Reputation: 21
I did a Naive Bayes classification using 10 fold cross-validation, obtaining a table prediction on the test data that looks like this:
=== Predictions on test data ===
inst# actual predicted error prediction (name)
1 3:no_chang 3:no_chang 0.943 (region_1)
2 1:active_K 1:active_K 1 (region_2)
3 3:no_chang 3:no_chang 0.912 (region_3)
4 3:no_chang 3:no_chang 0.858 (region_4)
5 3:no_chang 2:active_G + 0.518 (region_5)
I want to know how the "prediction" column is calculated. I know that it goes from 0 to 1, 1 meaning that the prediction is "better", but that's all I could find after a considerable amount of time googling and browsing the Weka book.

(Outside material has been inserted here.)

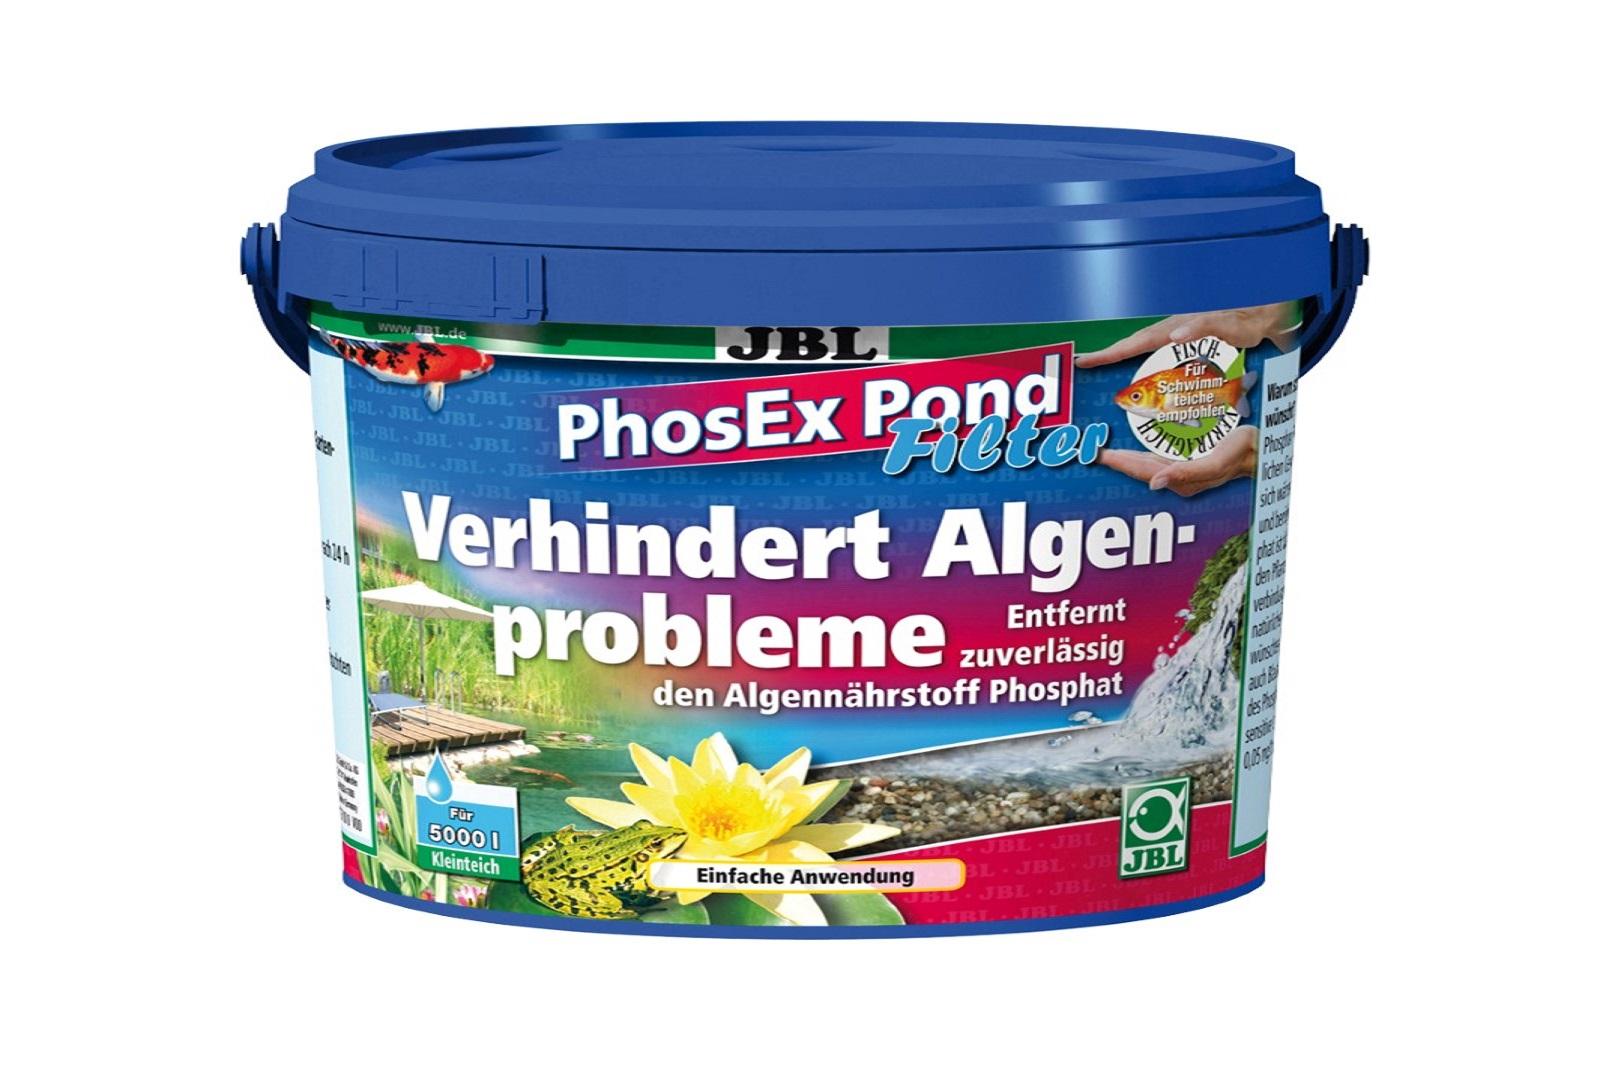 JBL PhosEX Pond  Filter 500 g  Phosphatentferner f.Teichfilter Algenbeseitigung

I know there is plenty of information about Weka online, but I'm a bit overwhelmed by it and can't easily find the answer to my simple question. Also, can someone point me to a good detailed weka manual for a command line user? The Weka book seems to focus too much in explaining how the GUI works, which doesn't really interest me since I mainly work with the command-line tools for the moment.
Thank you,
Juan
Upvotes: 2
Views: 3478
Reputation: 3258
By looking at the source code for the NaiveBayes
class, there is a variable called m_ClassDistribution
which keeps track of the class prediction.
In the training phase, this variable is updated to reflect the apriori probability of each class. It is used in the test phase to calculate the posterior probability of a given sample belonging to a given class.
I would recommend looking at the code for DiscreteEstimator
and NaiveBayes
. Particularly, distributionForInstance
function, which is used in the test phase. It is a bit different from the normal calculation of naive bayes, as it also takes into account a weight associated with each feature.
Upvotes: 1